ENTRIES SHOWN -
- - -

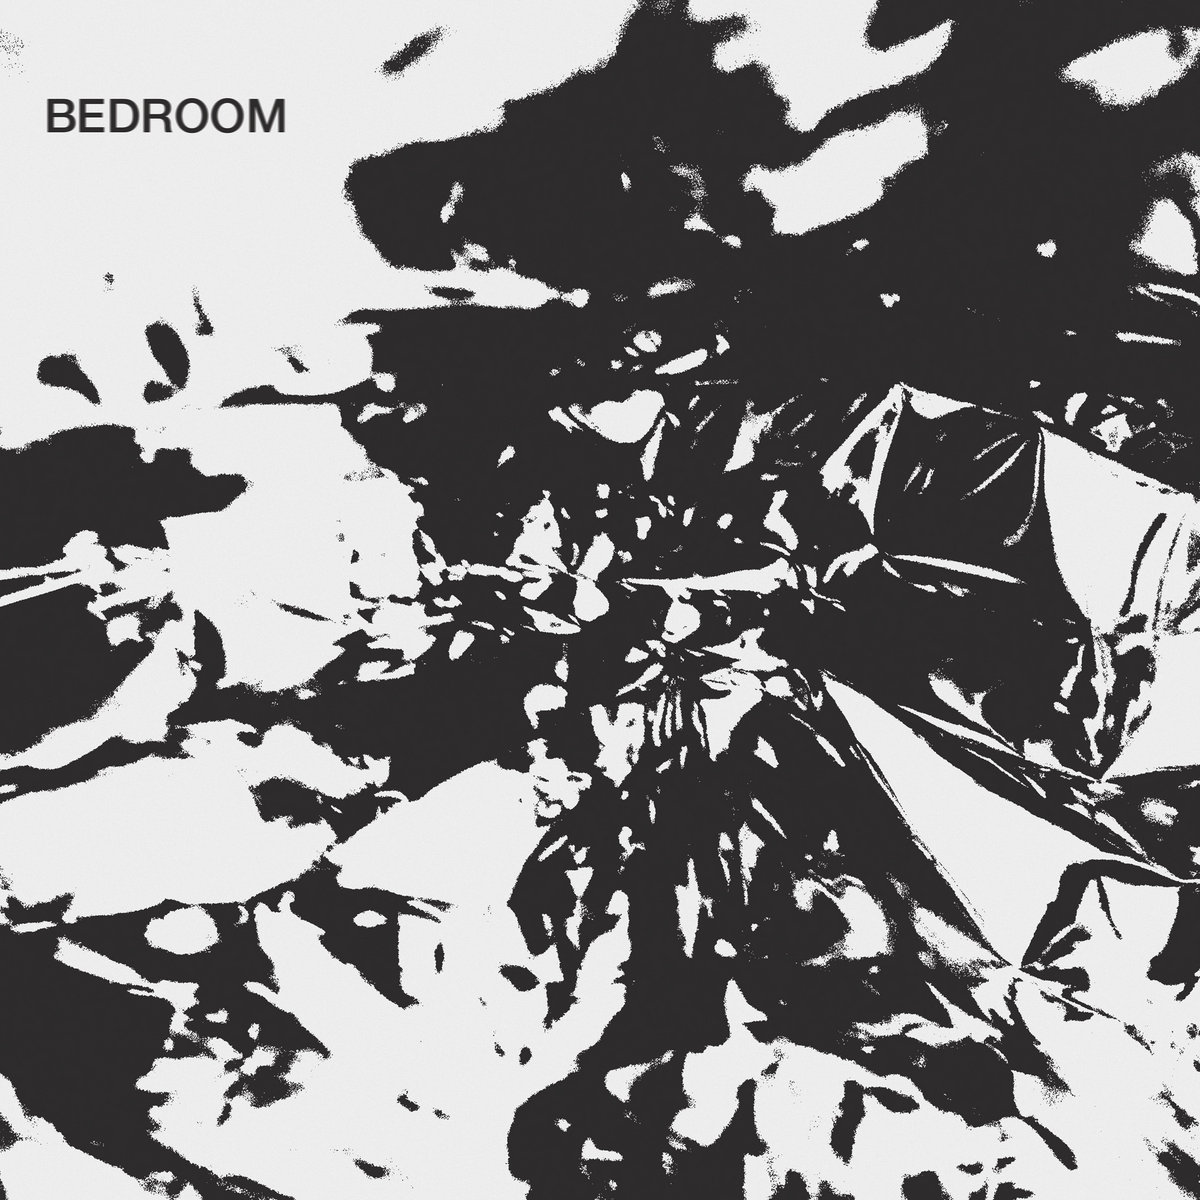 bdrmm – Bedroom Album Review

- - -

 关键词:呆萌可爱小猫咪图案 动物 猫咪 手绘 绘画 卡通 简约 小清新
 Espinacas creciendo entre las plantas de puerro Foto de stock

- - -

TASK TO COMPLETE - Produce only the lines from the line containing "关键词:呆萌可爱小猫咪图案 动物 猫咪 手绘 绘画 卡通 简约 小清新" through the line containing "Espinacas creciendo entre", inclusive of both, exactly as they stand in the entries above.

OUTPUT OF THE EXERCISE -
 关键词:呆萌可爱小猫咪图案 动物 猫咪 手绘 绘画 卡通 简约 小清新
 Espinacas creciendo entre las plantas de puerro Foto de stock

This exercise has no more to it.